Second, the server exports a chan error called Shutdown. When a
server encounters a shutdown condition a single message will be sent
over this channel. You should watch it in order to know when/if
something happens to the server. If your application doesn't already
have an event loop or other construct for monitoring channels, then
something like this might be a starting point:
keepalive := true
for keepalive {
select {
case msg := <-s.Shutdown:
log.Println("app event loop:", msg)
keepalive = false
break
}
}
This is taken directly from examples/server/basic-server.go, where
you can see it with many comments to explain what's going on. But the
important thing is to keep an eye on s.Shutdown so that you can take
appropriate steps when a Msg shows up there. The specifics are up to
you, but s.Quit will have already been called, so there's no need to
bother with that.
Petrel clients are very lightweight. There is no concept of a
long-lived client which open and close multiple network connections
(or a single connection multiple times). A client can handle any
number of requests, but the design intent is that once you call
Quit() to drop the connection, you are done with that client and
will create a new one if needed.
Here is a minimal case of a client:
import pc "github.com/firepear/petrel/client"

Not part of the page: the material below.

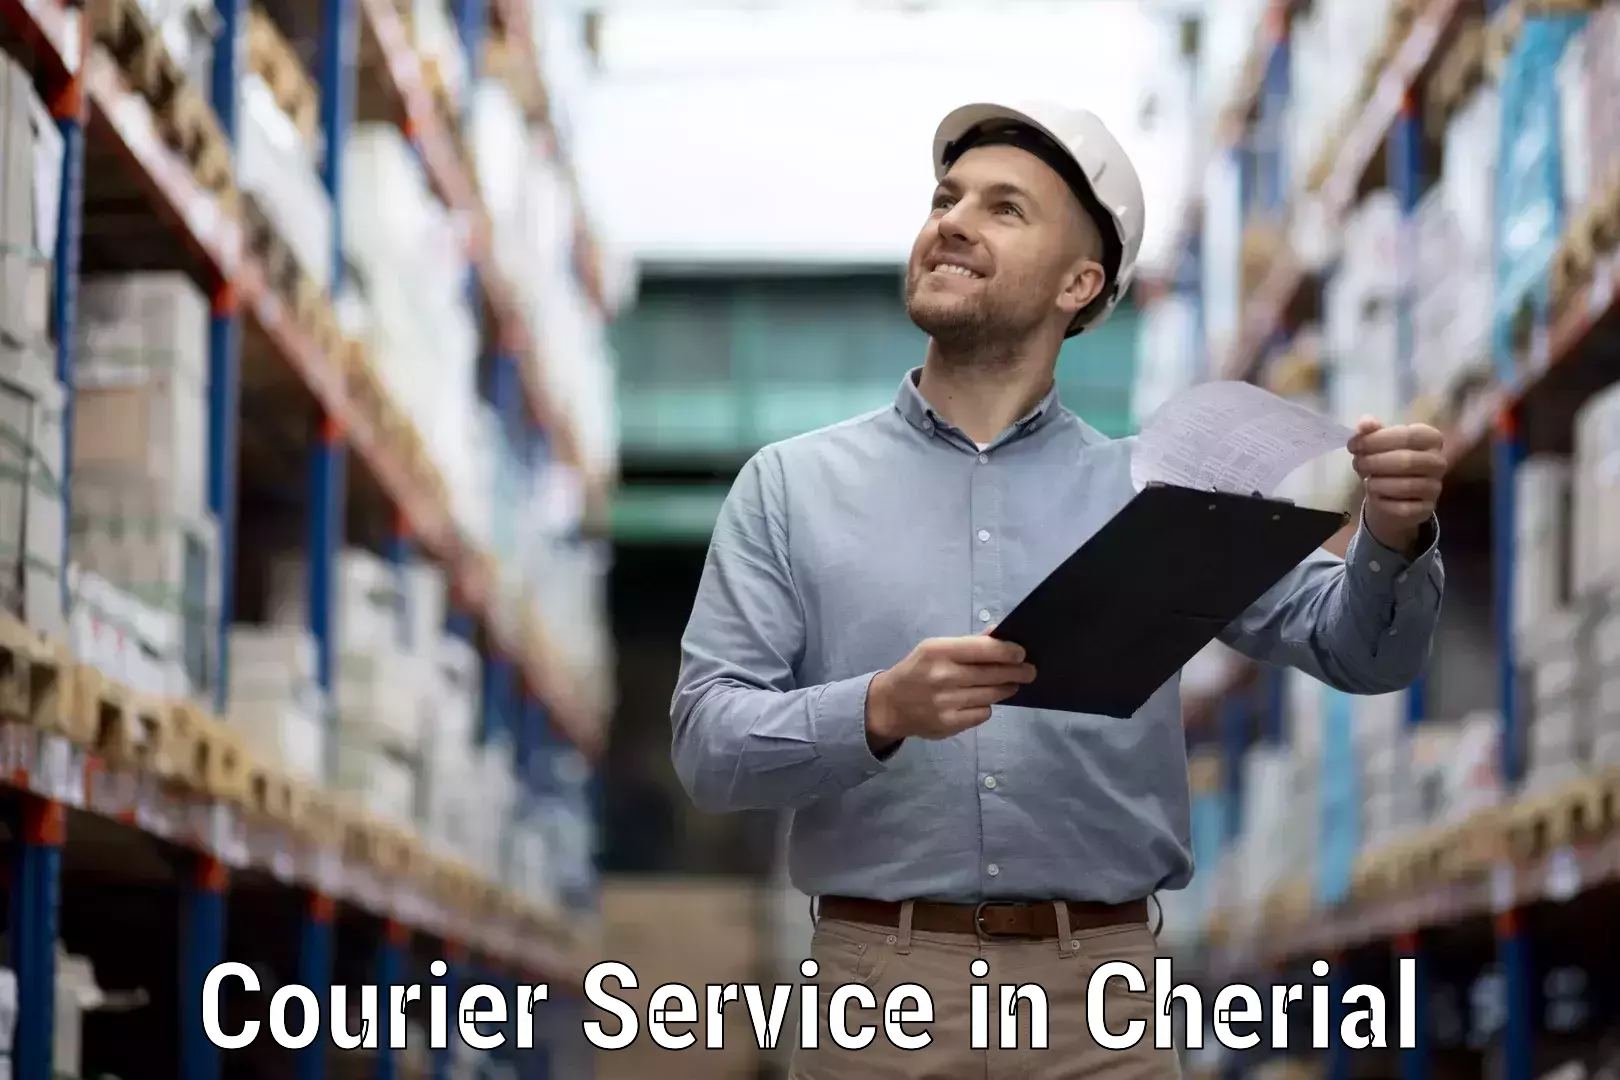 Efficient parcel service in Cherial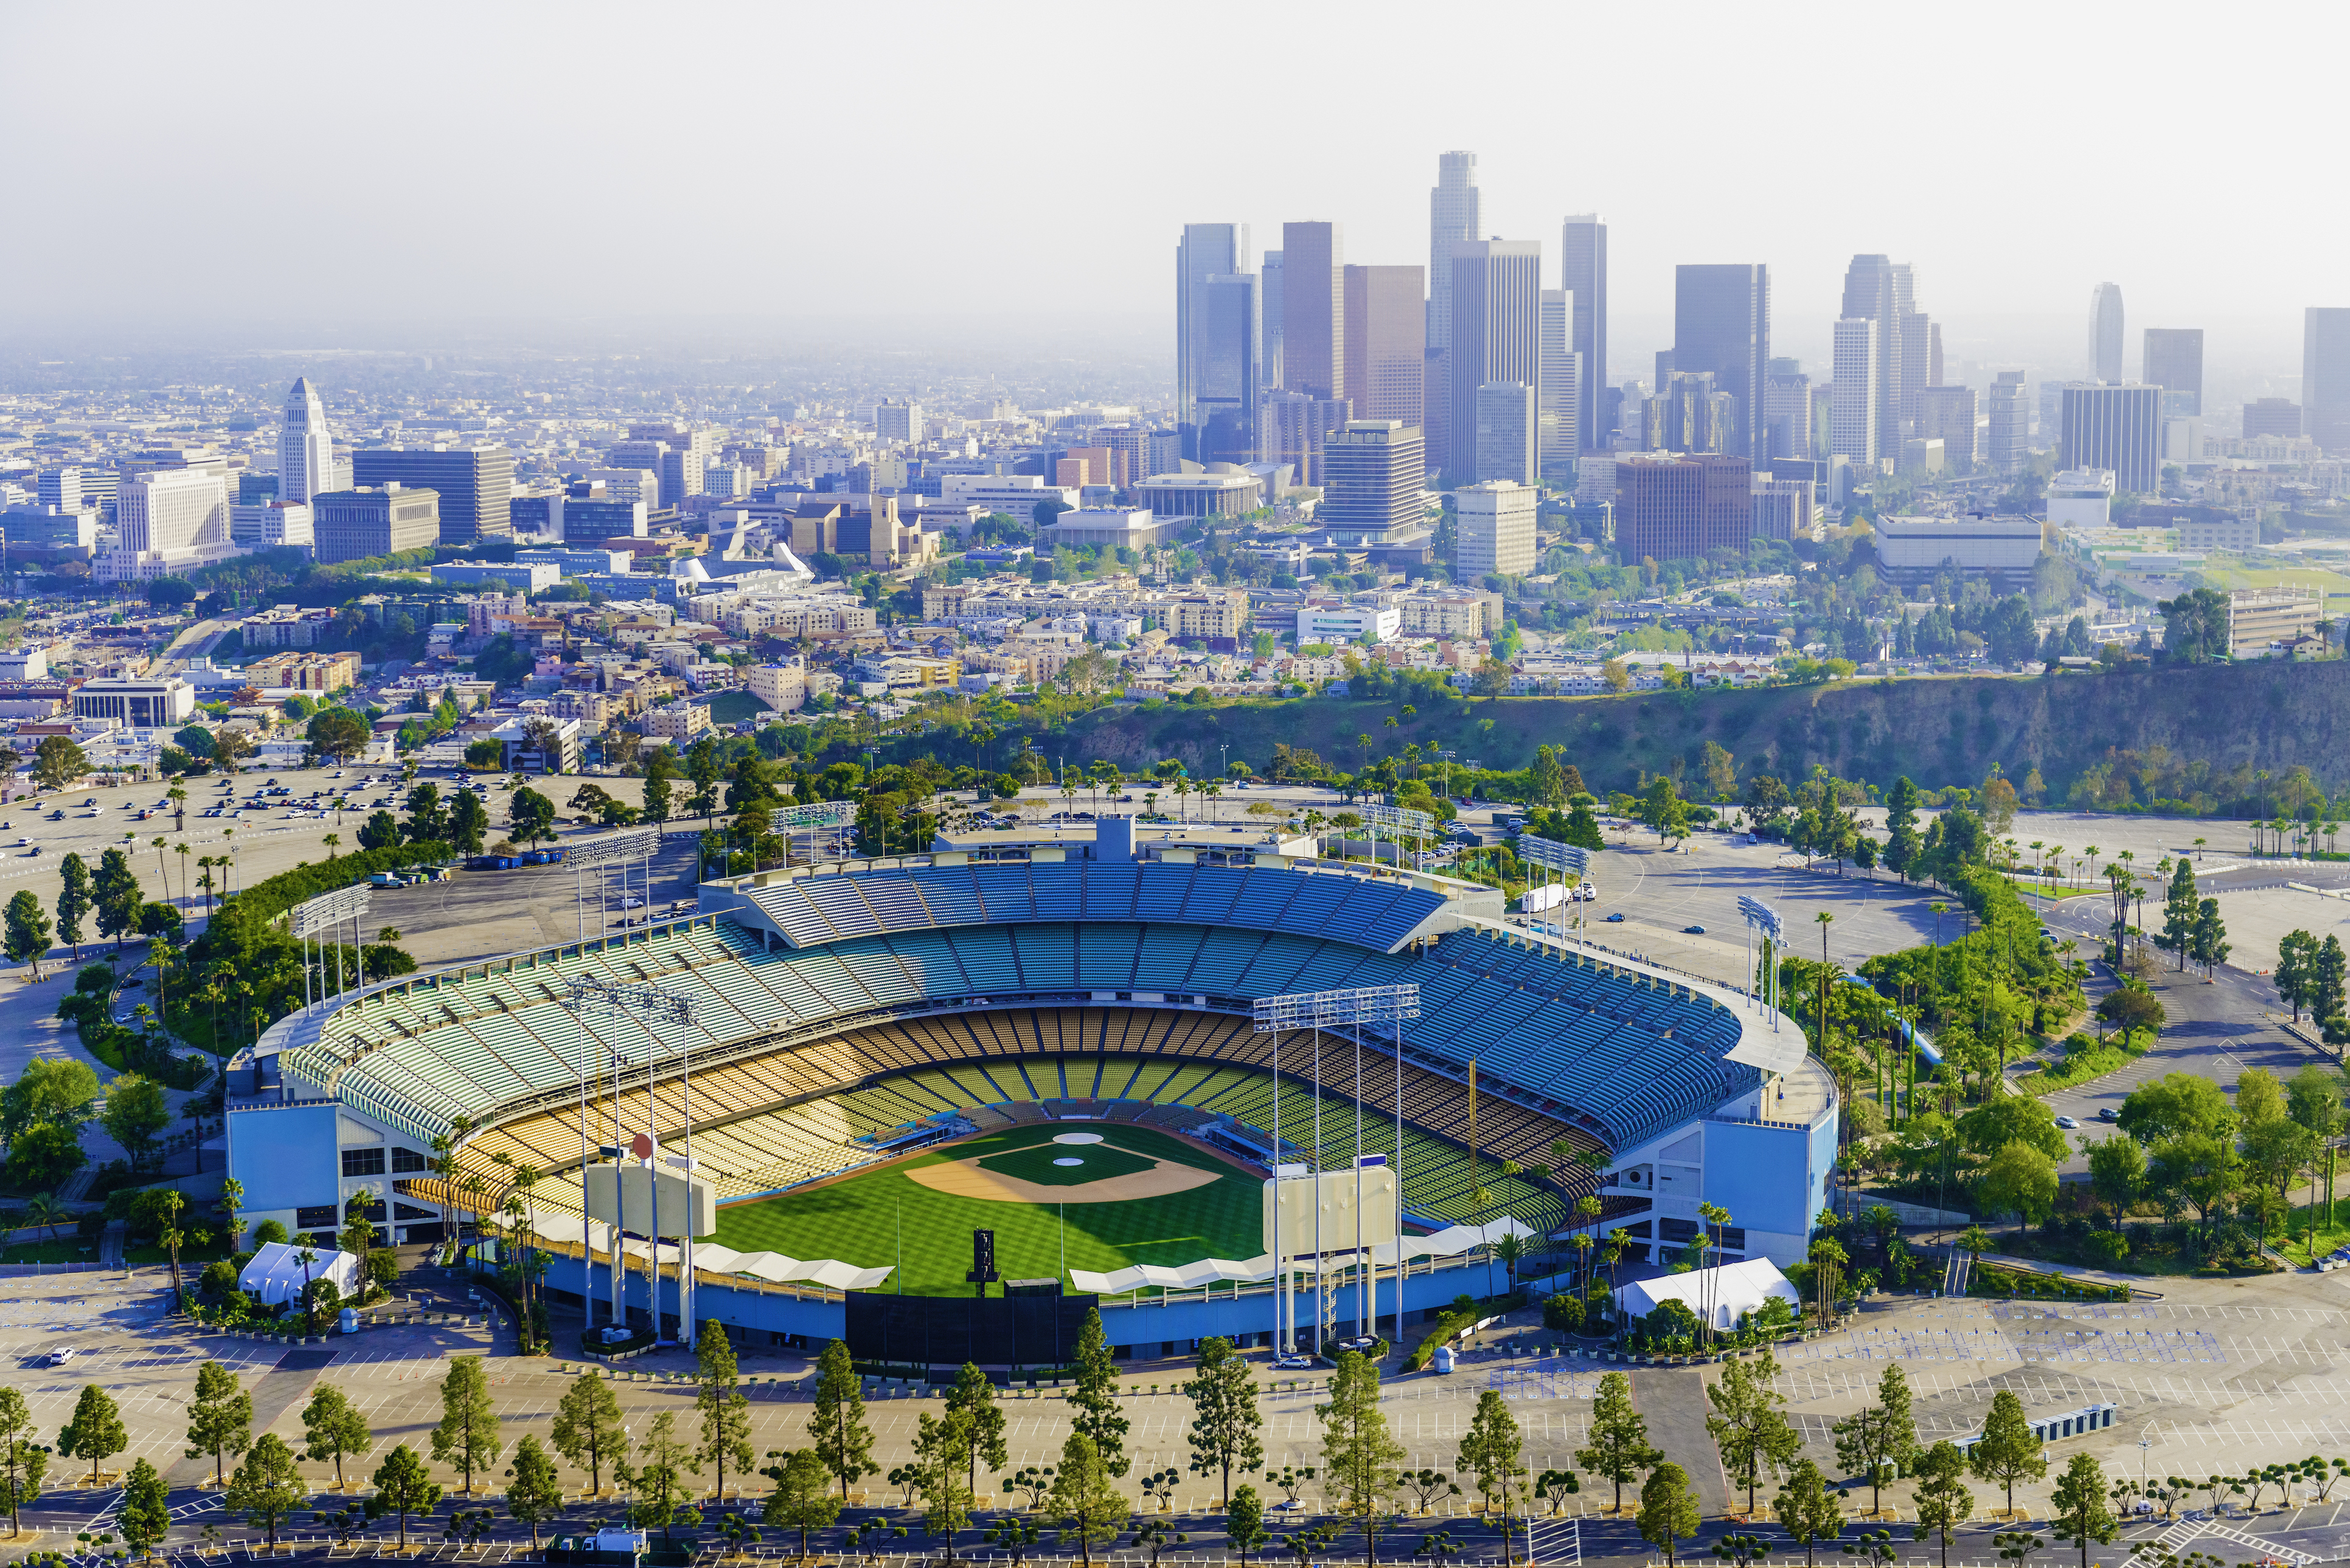 Best MLB ballparks: We rank all 30 stadiums for 2023 season

c, err := pc.New(&pc.Config{Addr: sn})
// handle err
err = c.Dispatch("foo", []byte{SOME_PAYLOAD})
// handle err
if c.Resp.Status == 200 {
fmt.Println(string(c.Resp.Payload))
}
c.Quit()
We instantiate a client, and send a foo request via
Dispatch(). If there was no error, we check the status in the
response struct (c.Resp) and then print the returned payload if the
status indicated success.
Check out examples/client/basic-client for a longer example, with
many more comments.
TLS and HMAC functionality are in place, but are currently untested and undocumeted following the v0.37 rewrite. The next release (v0.40) will add tests and full documentation for them. For now, please refer to the godoc.
The Petrel wire protocol has a fixed 11-byte header, two run-length encoded data segments, and an optional 44-byte HMAC segment.
Status code uint16 (2 bytes)
Seqence number uint32 (4 bytes)
Request length uint8 (1 byte)
Payload length uint32 (4 bytes)
---------------------------------------------------
Request text Per request length (max 255 char)
Payload text Per payload length (max 4MB)
---------------------------------------------------
HMAC 44 bytes, optional
Request and payload text are utf8 encoded.
HMAC is base64 utf8 text. There is no need for messages to specify whether HMAC is included or not, as that is set by the client and server at connection time.
I do my best to deliver code that is well-tested and does what I mean it to do. At the shallow end of demonstrating that, these badges let you know that most recent tag builds cleanly, and the project structure is sane:
Going deeper, there's the test coverage
report, which
is generated by my pre-commit hook... which also runs
gofmtgo vetgolangci-lintstaticcheck
So no commits happen if any tests fail or those tools flag an issue. That doesn't mean no bugs, but it does mean the code is free of a lot of bad smells, as well as any bugs that I've seen before.
If you want to run the tests yourself, either just run
./assets/runcover or look at it to see how I'm running the tests --
they will fail if run with a bare go test ./... due to relying on
code which is conditionally compiled in only for the tests.